(Activity) The whole listing below must be printed again exactly, images excluded.

(Information shown)
━━━━━━━━
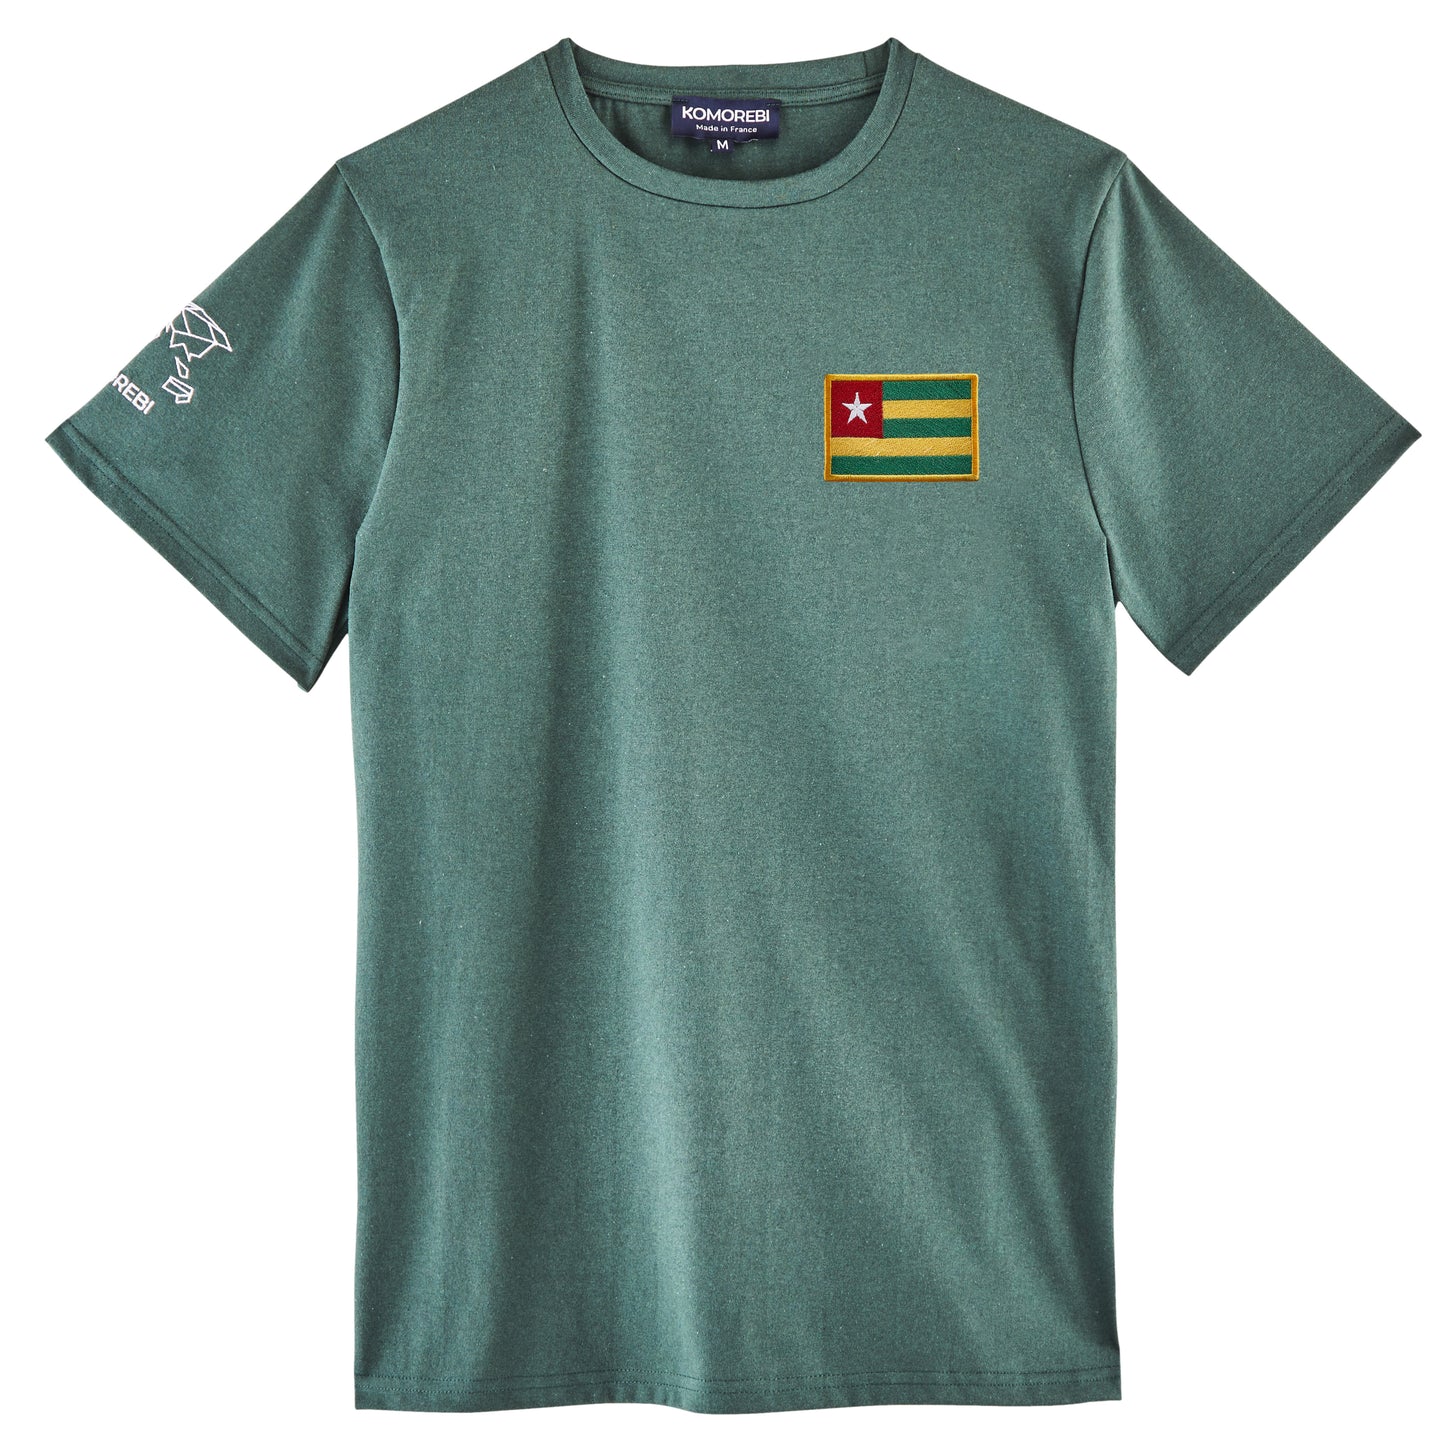 Togo - flag t-shirt
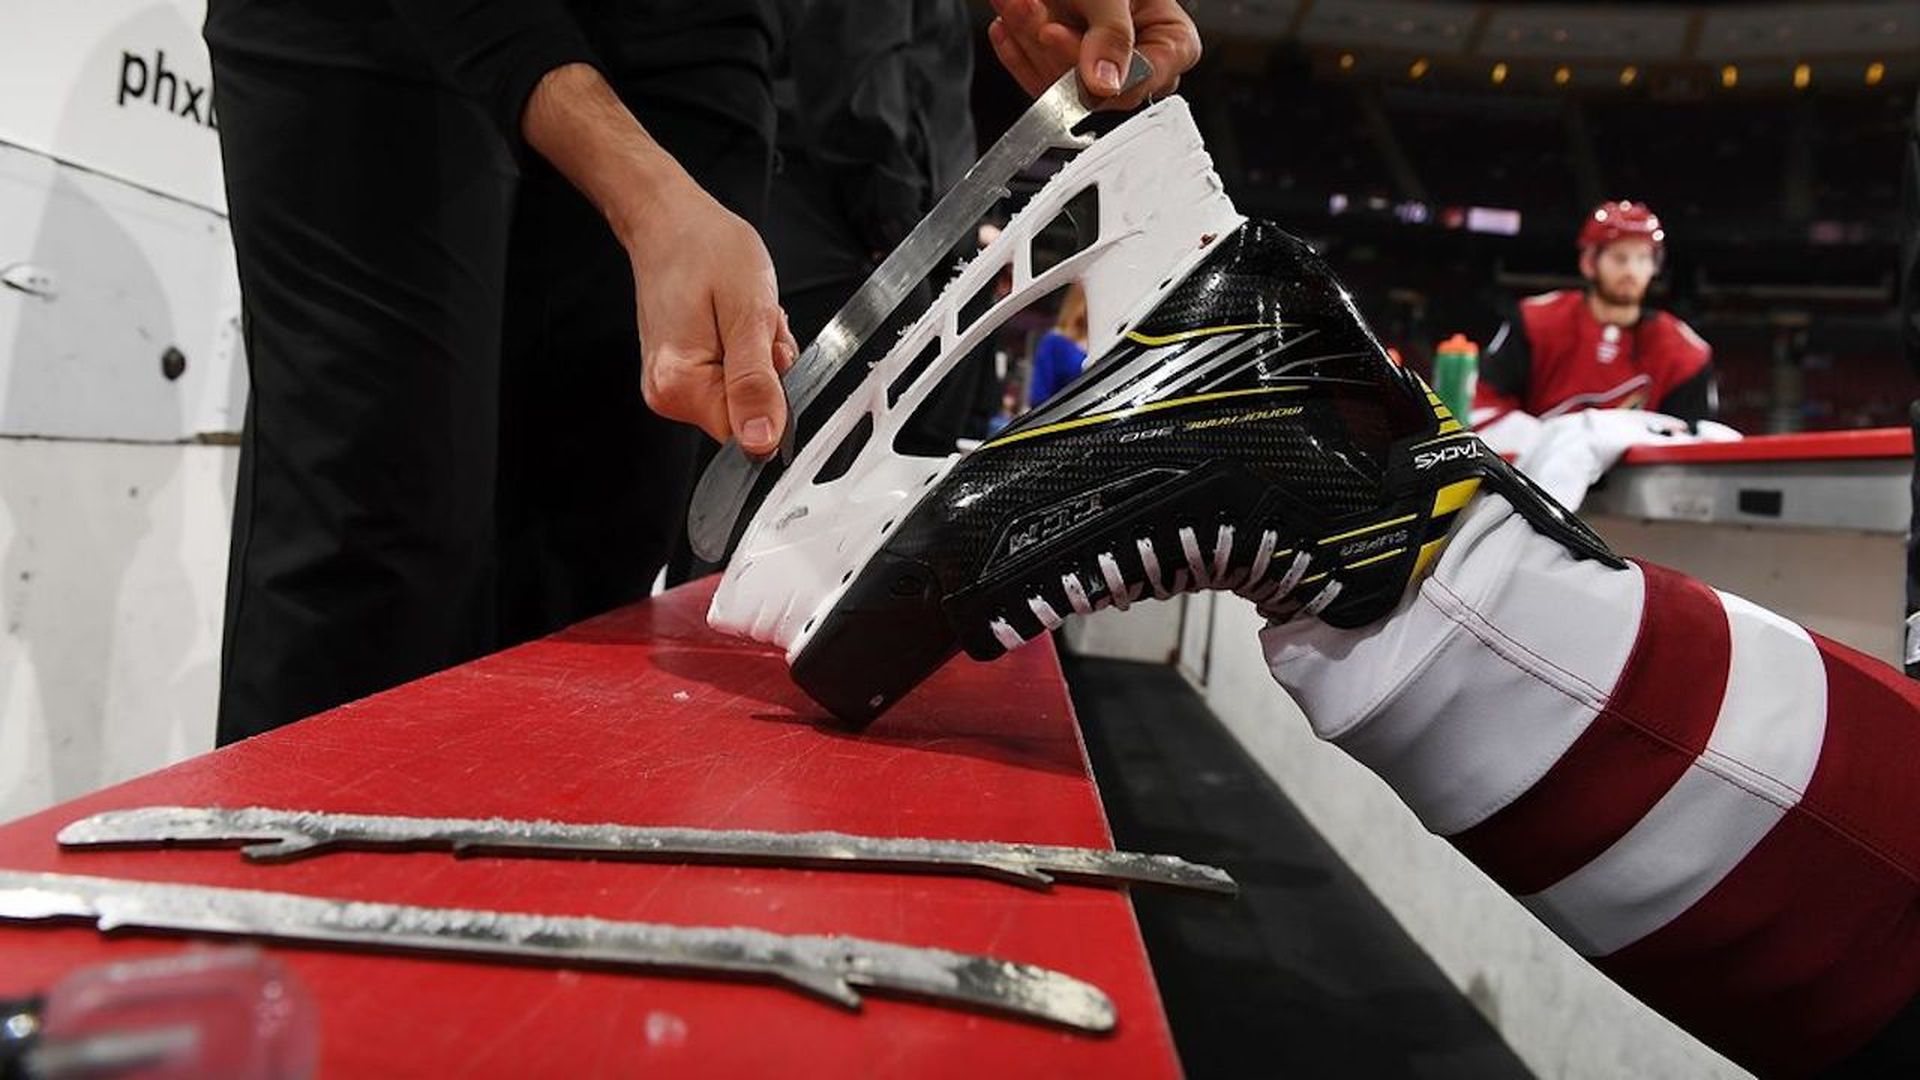 Someone sharpening a hockey blade
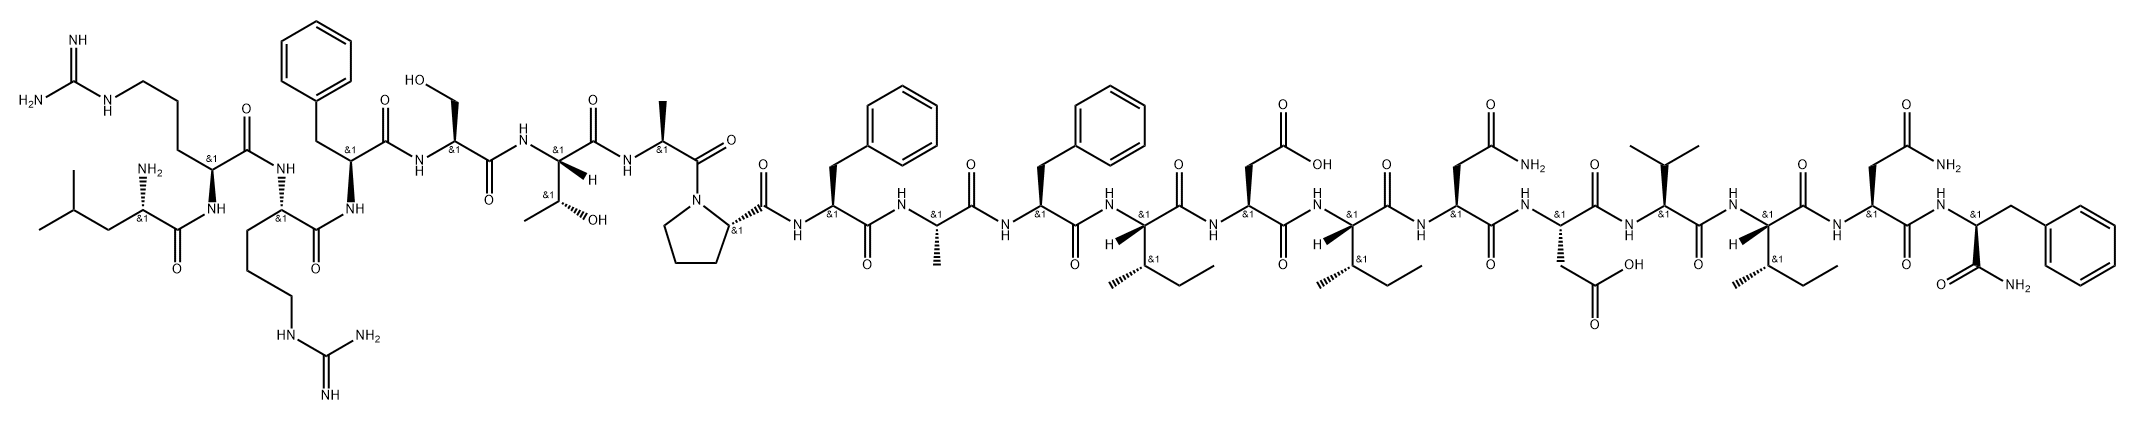 L-Phenylalaninamide, L-leucyl-L-arginyl-L-arginyl-L-phenylalanyl-L-seryl-L-threonyl-L-alanyl-L-prolyl-L-phenylalanyl-L-alanyl-L-phenylalanyl-L-isoleucyl-L-α-aspartyl-L-isoleucyl-L-asparaginyl-L-α-aspartyl-L-valyl-L-isoleucyl-L-asparaginyl- Structure
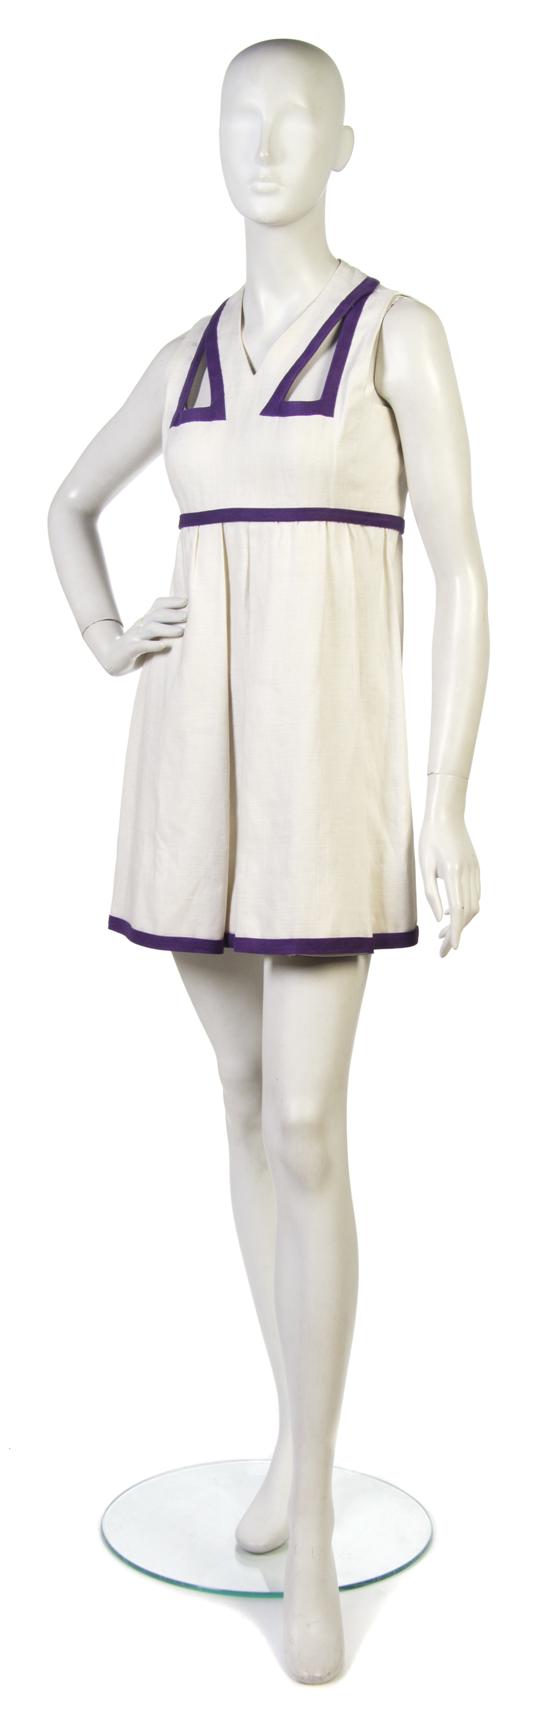 A Donald Brooks White Linen Dress
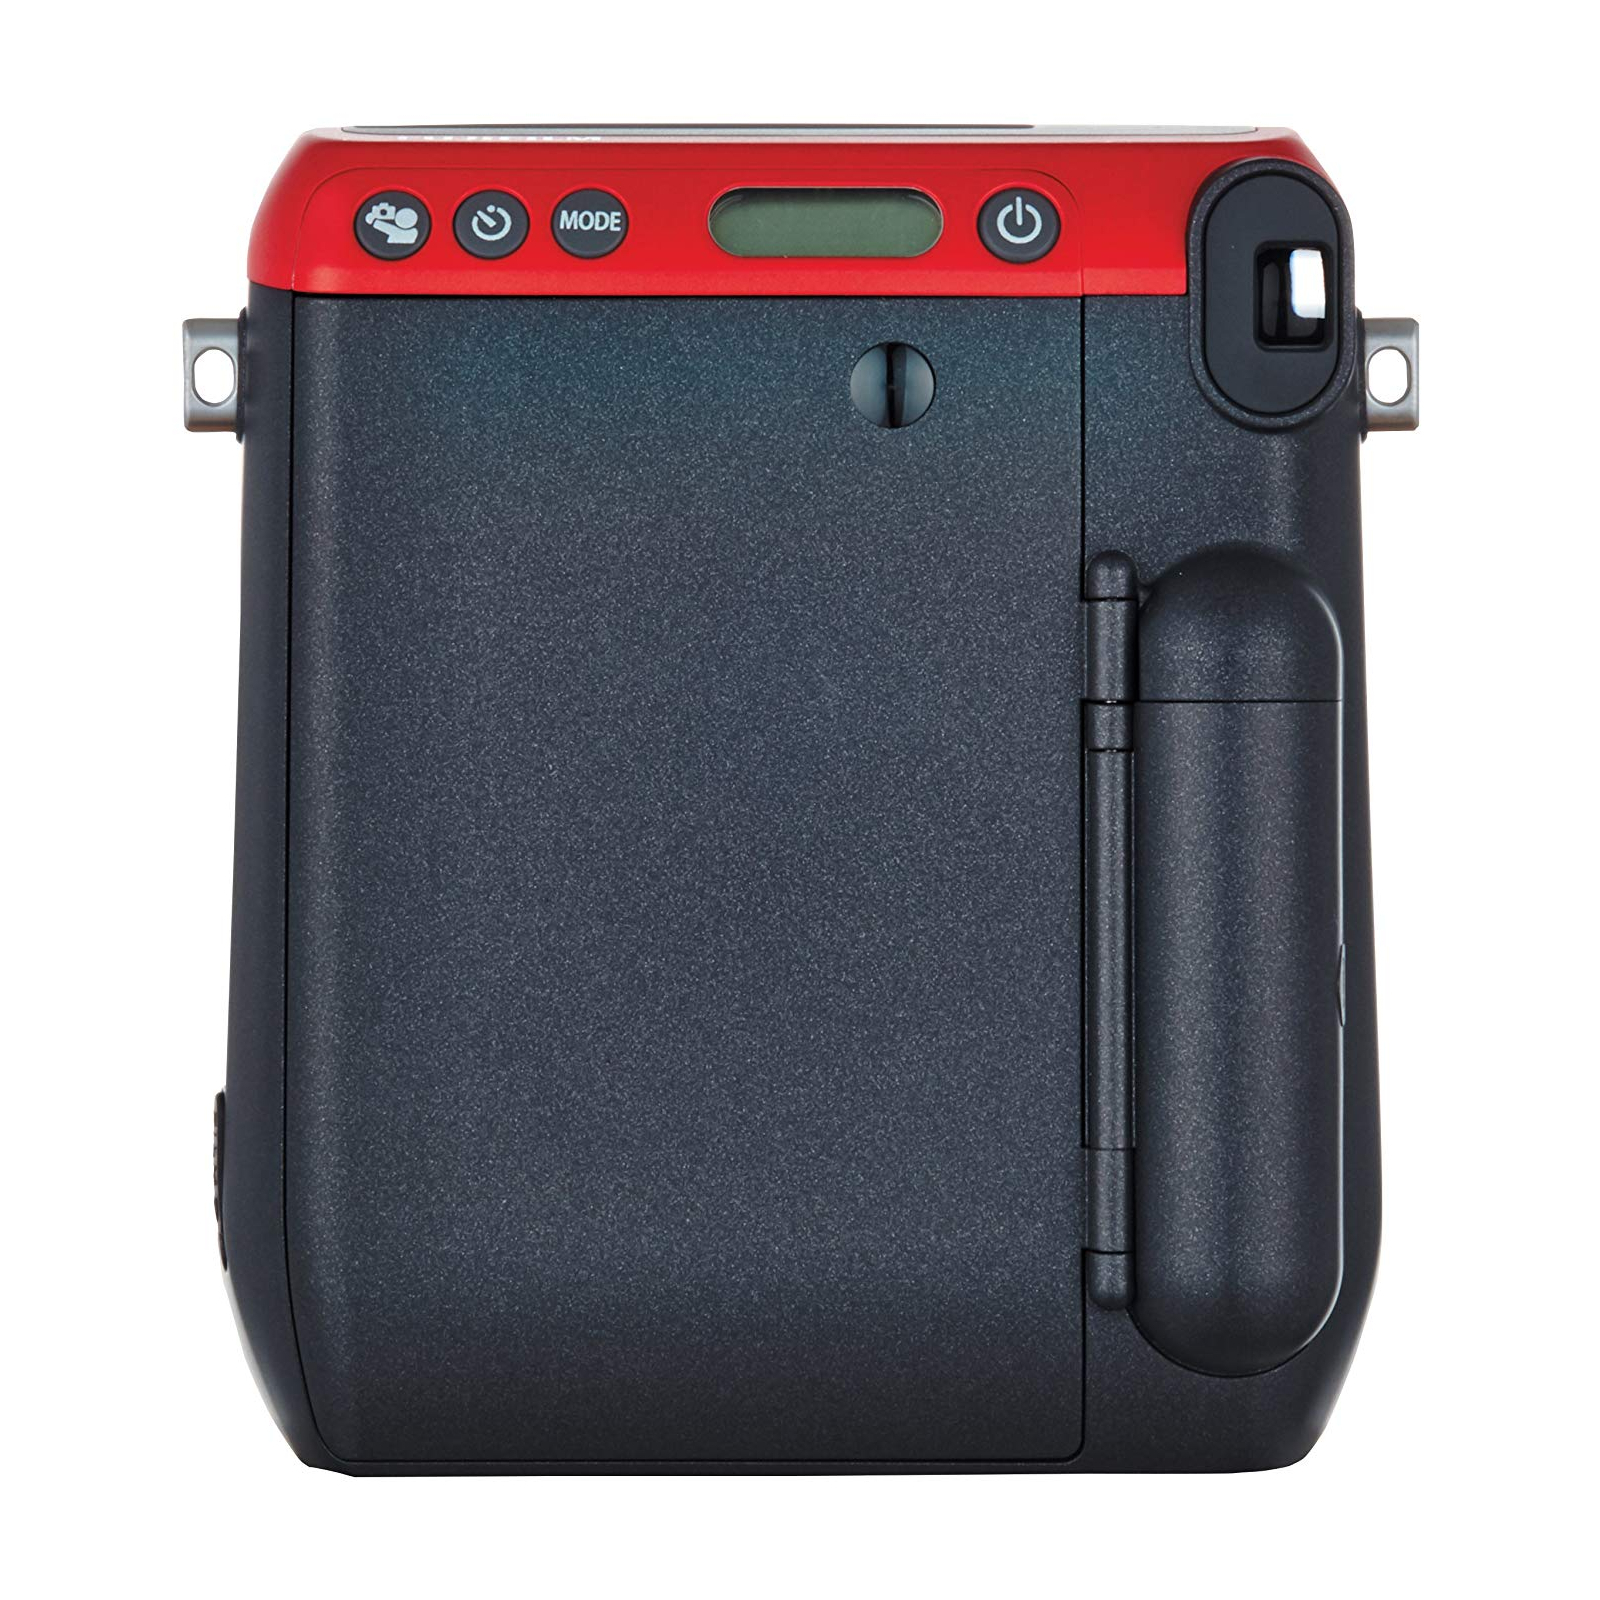 Камера моментальной печати Fujifilm Instax Mini 70 Passion Red (16513889) изображение 5
━━━━━━━━
(Task response)
 Togo - flag t-shirt
 Someone sharpening a hockey blade
 L-Phenylalaninamide, L-leucyl-L-arginyl-L-arginyl-L-phenylalanyl-L-seryl-L-threonyl-L-alanyl-L-prolyl-L-phenylalanyl-L-alanyl-L-phenylalanyl-L-isoleucyl-L-α-aspartyl-L-isoleucyl-L-asparaginyl-L-α-aspartyl-L-valyl-L-isoleucyl-L-asparaginyl- Structure
 A Donald Brooks White Linen Dress
 Камера моментальной печати Fujifilm Instax Mini 70 Passion Red (16513889) изображение 5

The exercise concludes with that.